November 23, 1979 – After a four-month suspension for “slanting the news,” the SQ News was officially back in business. On Aug. 31, Michael Satris of the Prison Law Office filed a Petition for Writ of Habeas Corpus in the Marin County Superior Court on behalf of the San Quentin News reporters. Subsequent negotiations with prison officials allowed the newspaper to continue publication.
June 13, 1980 – A U.S. District Court judge ruled that “brutality, overcrowding, idleness, poor physical facilities” and last summer’s long lockdown at the Washington state penitentiary at Walla Walla constitute cruel and unusual punishment. “There is just no question,” that overcrowding constitutes such punishment, he said.

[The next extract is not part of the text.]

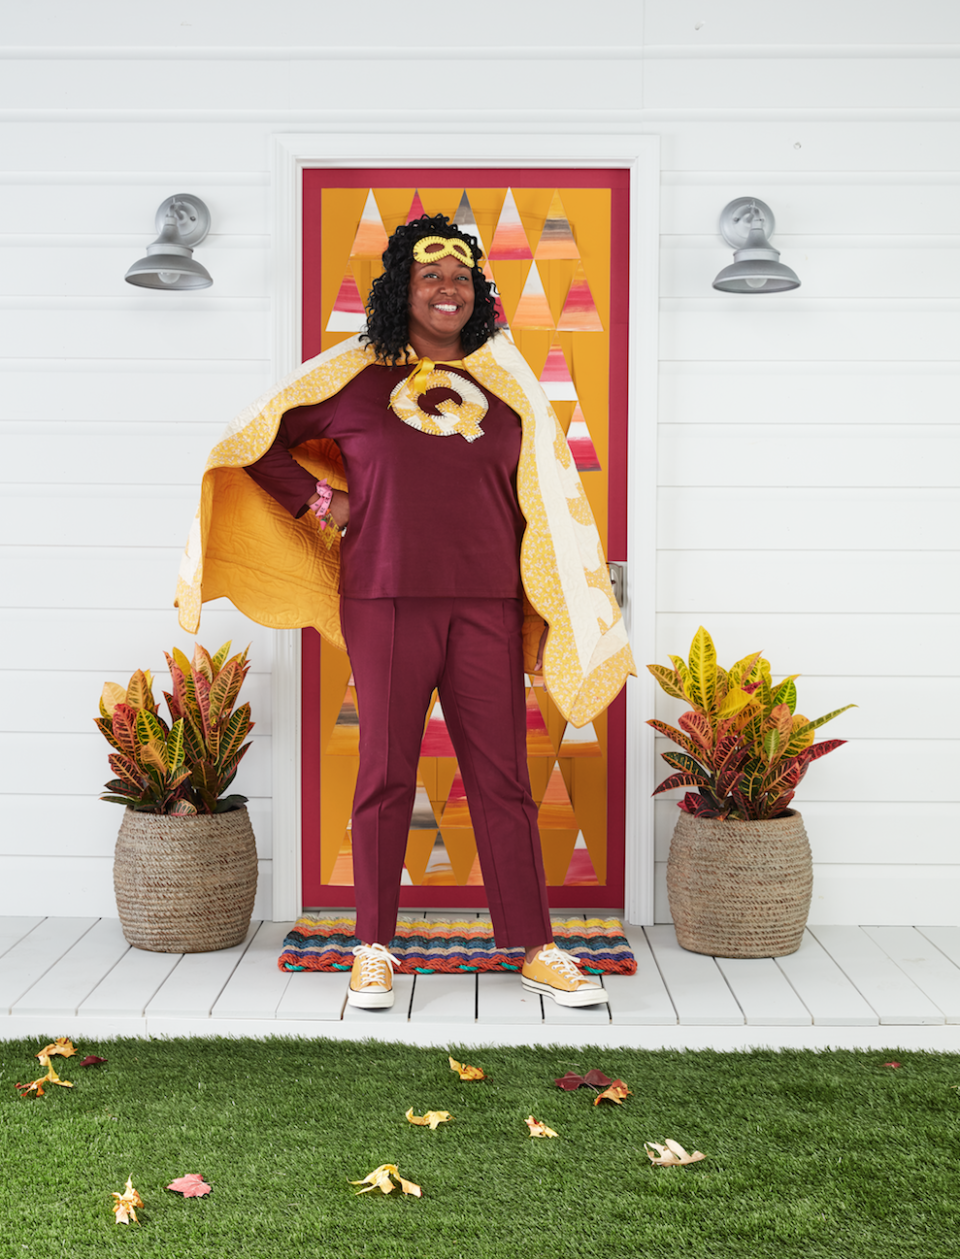 <p>When you're a mom, you're already a superhero. However, if you love quilting, become the super quilter for Halloween!</p><p><strong>Make the Costume: </strong>Cut a quilt into a trapezoid shape; sew a corresponding color bias tape around the edges to finish. At the top corners of the trapezoid, sew a corresponding color ribbon for ties. Use a scrap of the quilt to cut out an oversize letter "Q" and blanket stitch it to the front of a T-shirt. Blanket stitch around the edges of a felt superhero mask. Round out the look with a tailor tape measure bracelet adorned with sewing charms. Glue a metal thimble to a silver ring blank to create a superpower ring.</p><p><a class="link " href="https://www.amazon.com/flic-flac-inches-Assorted-Fabric-Patchwork/dp/B01GCRXBVE/?tag=syn-yahoo-20&ascsubtag=%5Bartid%7C10050.g.28181767%5Bsrc%7Cyahoo-us" rel="nofollow noopener" target="_blank" data-ylk="slk:SHOP FELT">SHOP FELT</a></p>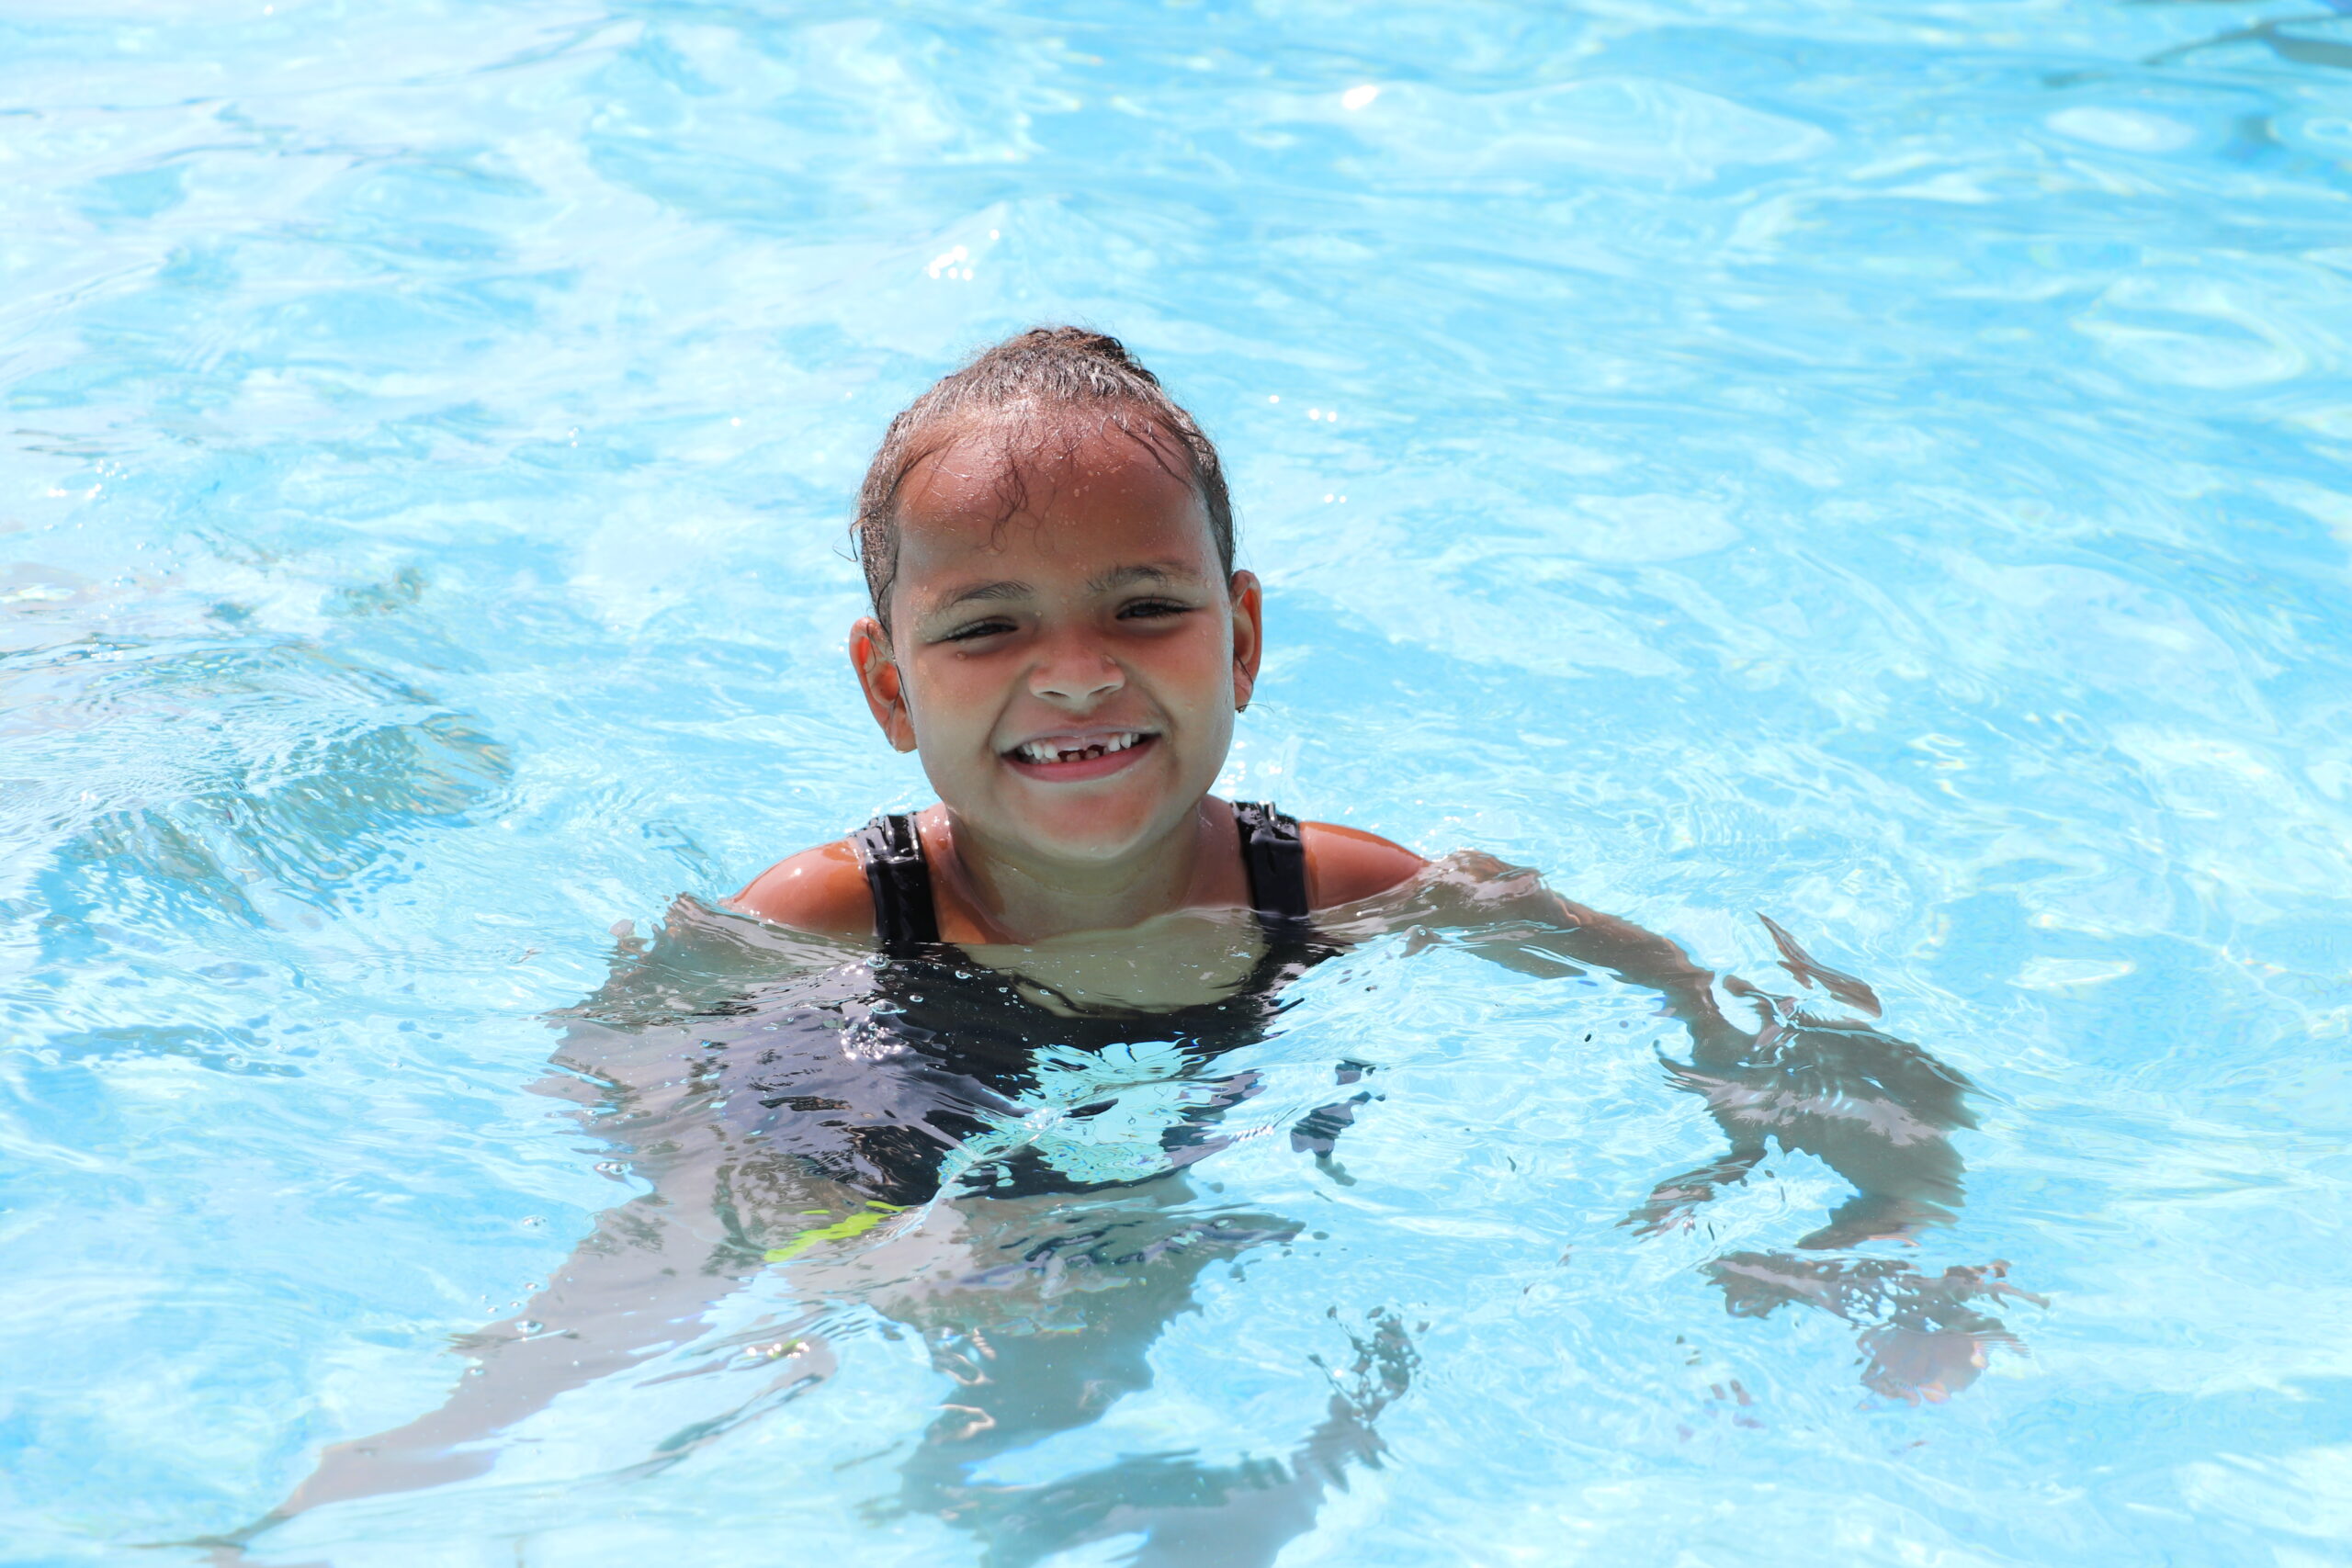 des pools of large and small sizes and an outdoor heated pool. Whether swimming for exercise or pleasure, make the most of your JCC membership by using the pool to its fullest this summer.

August 29, 1980 – Five shots were fired by the gunrail officer in East Block in order to break up an assault on a correctional officer. The incident was sparked when a cell search turned up illegal tools and a tattoo gun. The two inmates in the cell attacked the officer.
September 5, 1980 – Ten shots were fired on the C Section yard to stop an altercation between prisoners. Seven inmates were treated at the prison hospital for birdshot wounds.
September 19, 1980 – Gov. Edmund Brown Jr. has vetoed the so-called habitual criminal bill which would have permitted a 20-year-to-life sentence for anyone convicted the third time of a serious felony. It was the first measure intended to increase sentences that Brown has ever vetoed.
November 14, 1980 – An inmate out of Santa Clara County was stabbed and killed on the lower yard. James Dance, 32, was stabbed once in the neck at approximately 9:40 a.m. and pronounced dead at the prison hospital.